Reporter’s Notebook: Tips for sending stories, photos to the Sun

Charles M. Kelly

To get an article in our paper, here are a few tips.

• Put “Re” in the subject line or the spam blocker will eat it.

• Put opinon or letter in the sujbect line if you’re expressing an opinion

• The soooner you sent it to us, the better your chances of getting in. For the Sun, the best chance is to send your articles or photos by 5 p.m., on Monday. We produce multiple newspapers out of this office. We don’t wish to be inflexible, but we kinda have to be insistent about meeting deadlines in order to function.

• If your submission comes in Tuesday or Wednesday, your chances of getting in radically decrease. Why gamble?

• If your event starts on a Monday and we don’t get your artcile before Thursday, the article will not appear before your event.

• Don’t send us an article 6 months prior to the event. (People really do this.) We won’t remember 6 months later.

• We appear on stands on Thursdays. Your best bet is to submit stories and photos one or two issues prior to the date of your event. This gives you (and us) a margin for error and still give you with time to get your publicity.

• Email the submission to both editors. One email might fail. It’s unlikely both will. The addresses are: editor@sunnews.org and editor2@sunnews.org

• Please send your article in a Word file or paste it into the letter. PDFs can sometimes be challenging to convert into other formats. Under the best of circumstances, I need at least two programs to convert your PDF into something we can use in our publishing software. The longer it takes us to edit your submission, the less time we’ll have for someone else’s submission.

• Keep your articles short: 600-800 words. Keep your sentences short.

The shorter the sentence, the easier the edit. The shorter the article, the easier the edit.

• Start with the important information. If you have an event next Saturday and you put the time and place in the last 100 words of a 1,000 article, the reader will never see the time and place.

• Don’t try to impress people with your vocabulary. If readers have to grab a dictionary to look up a word in your article, they will simply move on to another article.

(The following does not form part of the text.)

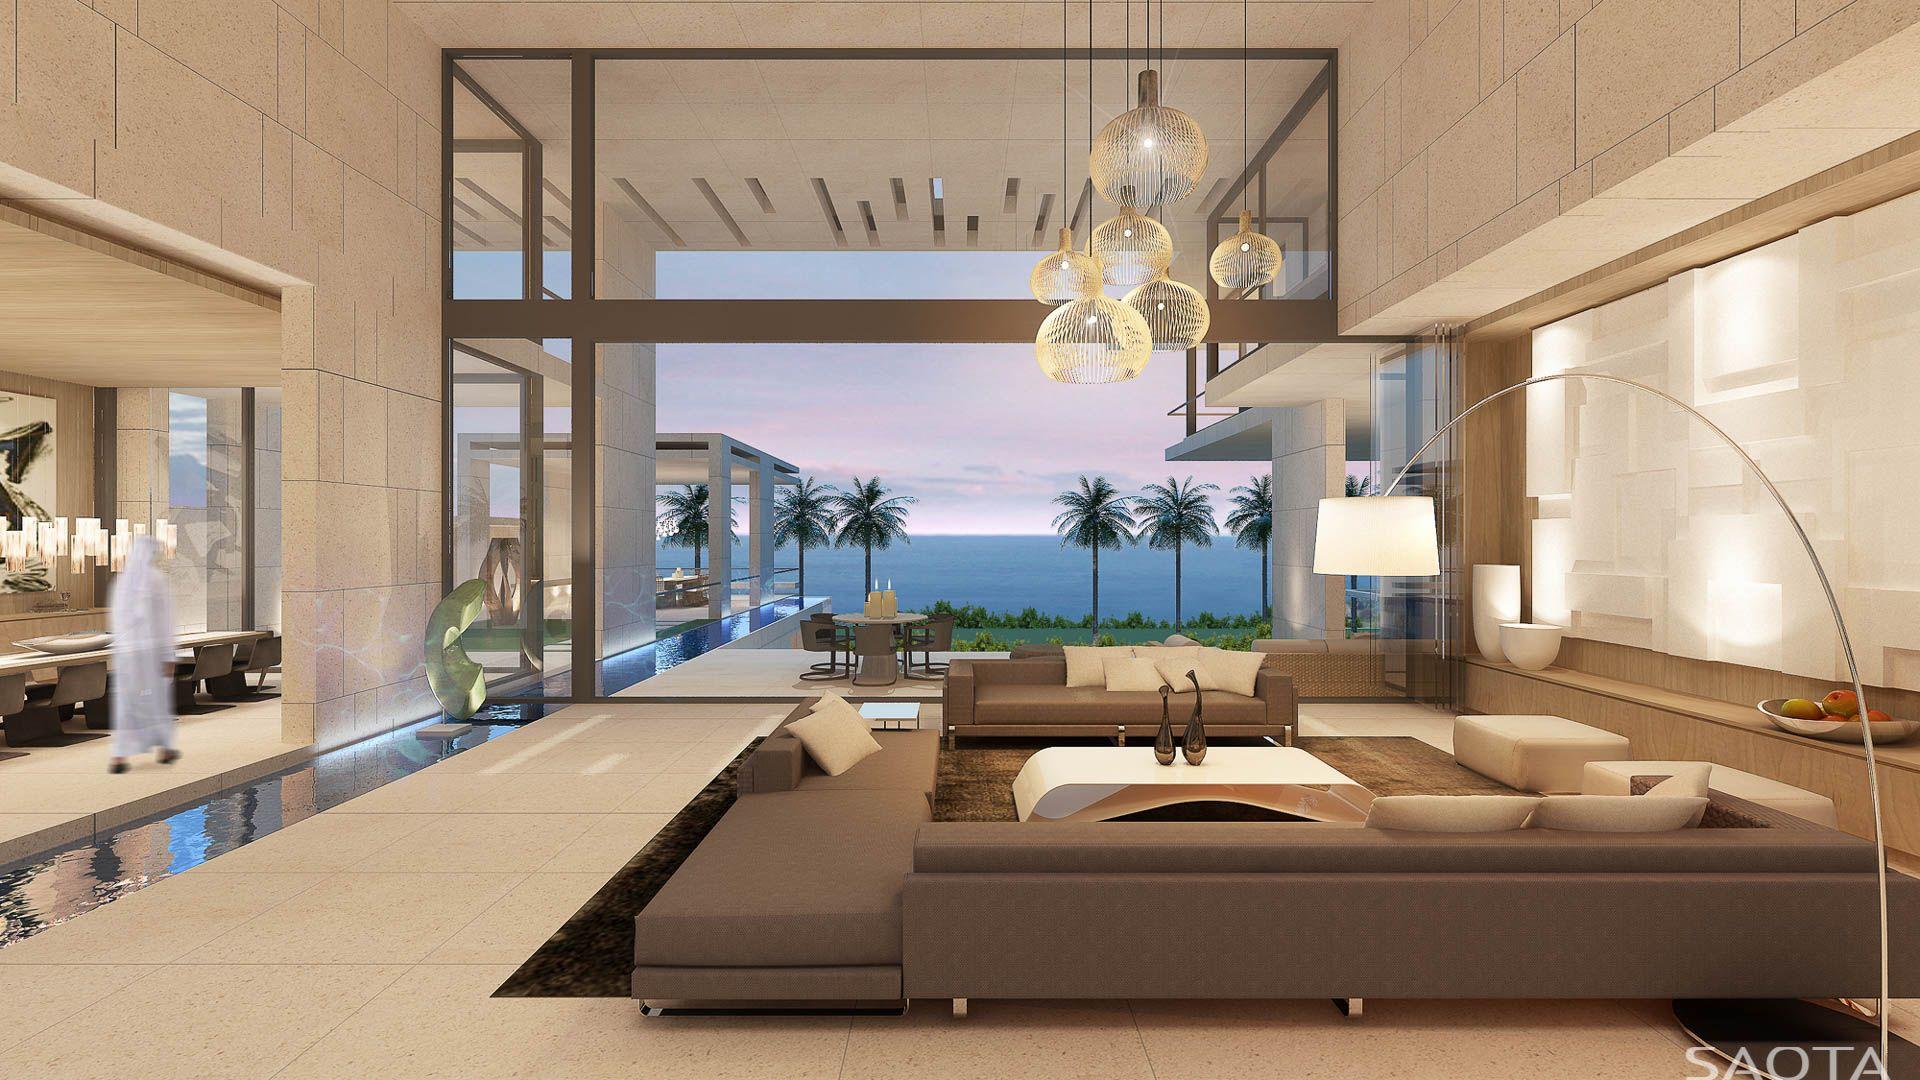 Modern Dream House Interior Design Ideas with Beautiful ... on Dream Home Interior  id=14155

• Put your name on the story. Stories with bylines are more likely to impress people than stories without.

• Include the important information. I once received a press release about a symposium on domestic violence. But the writer was so preoccupied with telling readers that domestic violence is an important subject—at least once a paragraph—that the writer left out the time, date, and location of this important event.

Fortunately, the writer included a telephone number so I was able to get that information. Otherwise, the article would not have been published.

• Include the day of the week with the date. If the date and day of the week don’t match, it’s a red flag.

• Send no more than three or four photos. We don’t have time to wade through a lot of them.

• Photos should be 1MB in size. Send them separately if you must. About photos: people are more interesting than things. Action shots of people are more interesting than people standing side by side. People like photos of kids. People like photos of animals.

• Send a color photo. We can convert color photos to black-and-white.

• I can’t promise pubication in advance.

Charles M. Kelly is associate editor of the Sun.